Remote actuation based on magnetically responsive pillar arrays

Smart actuators, integrated with high aspect-ratio structures and stimuli-responsive materials, can take more diverse tasks skillfully. Although great advances have been achieved over the past few years, it is still difficult in manipulating the small objects such as the transporting and grasping them under the remote untethered condition. Inspired by the ciliary structures on biological organs, a magnetically responsive actuator with hierarchical pillars on the surface of the film is designed and proposed, which allows active, fast, and dynamic manipulation over the force and speed of a small object by taking an external magnetic field. Magnetic pillars of different morphologies were fabricated by a modified soft lithographic method involving inking and imprinting processes. The magnetic-force conversion unit was constructed by magnetically responsive pillar arrays. Upon applying an external magnetic field, these pillars can rhythmically bend and recover in a controlled manner, and the generated force can be used to drive the small object to move or capture the small object. All these was further addressed from experimental and theoretical perspectives. This magnetically responsive actuator demonstrates reliable actuating performance with instant field responses. No complex mechanical and electrical control systems are required.

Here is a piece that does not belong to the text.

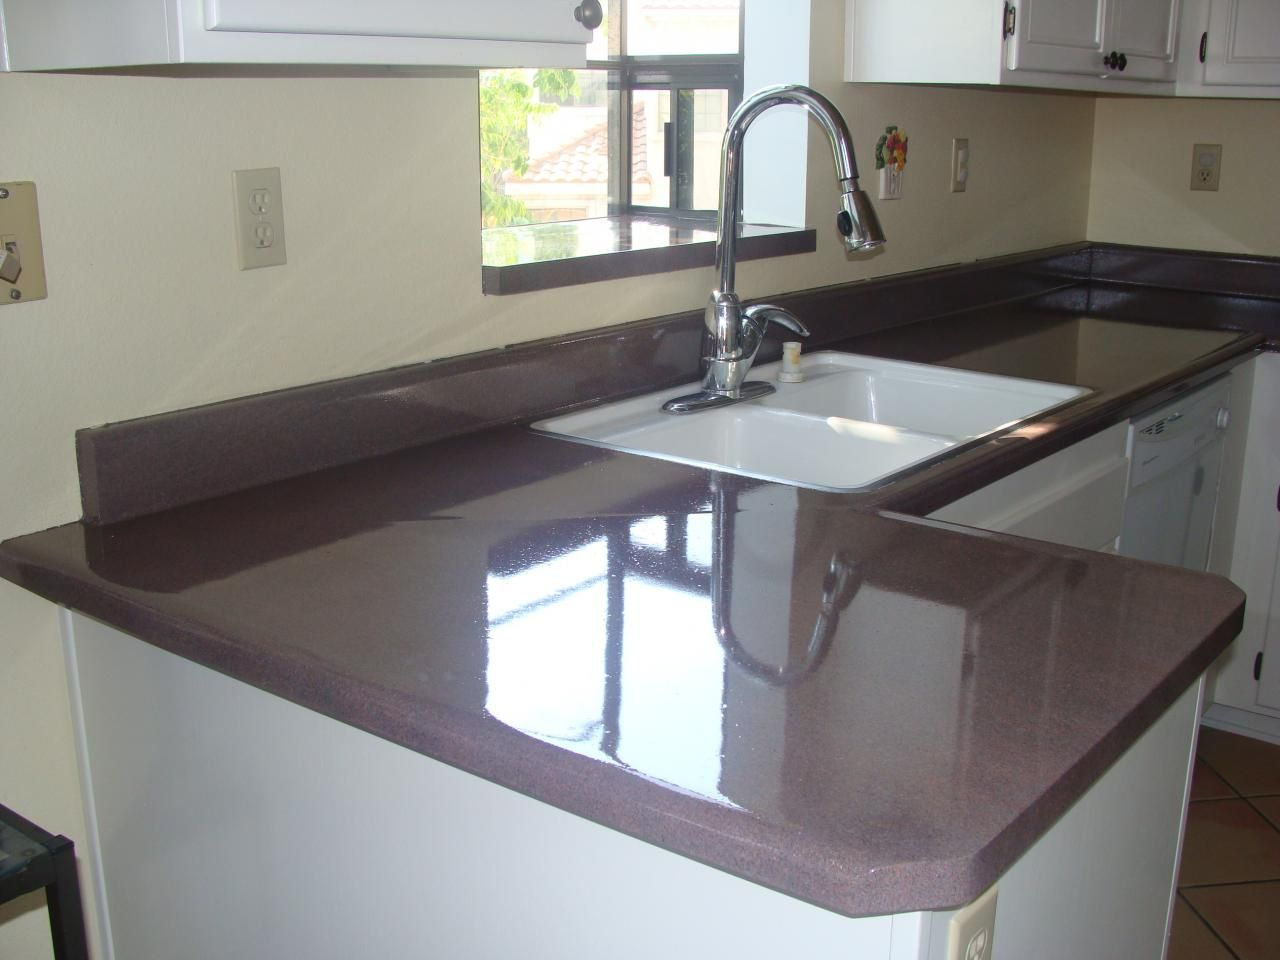 Pkb Reglazing Laminate Countertop Reglazed Balmorai Red Speckled Countertops Laminate Countertops Home Decor

Thus, the combined use of high aspect-ratio structures and stimuli-responsive materials will facilitate many other applications such as surface engineering, soft actuators and robotics in the future.

Automated summary

This study proposes a smart actuator with magnetically responsive pillars on the surface, which allows for active and dynamic manipulation of small objects through an external magnetic field. The actuator demonstrates reliable performance and instant field responses without complex control systems.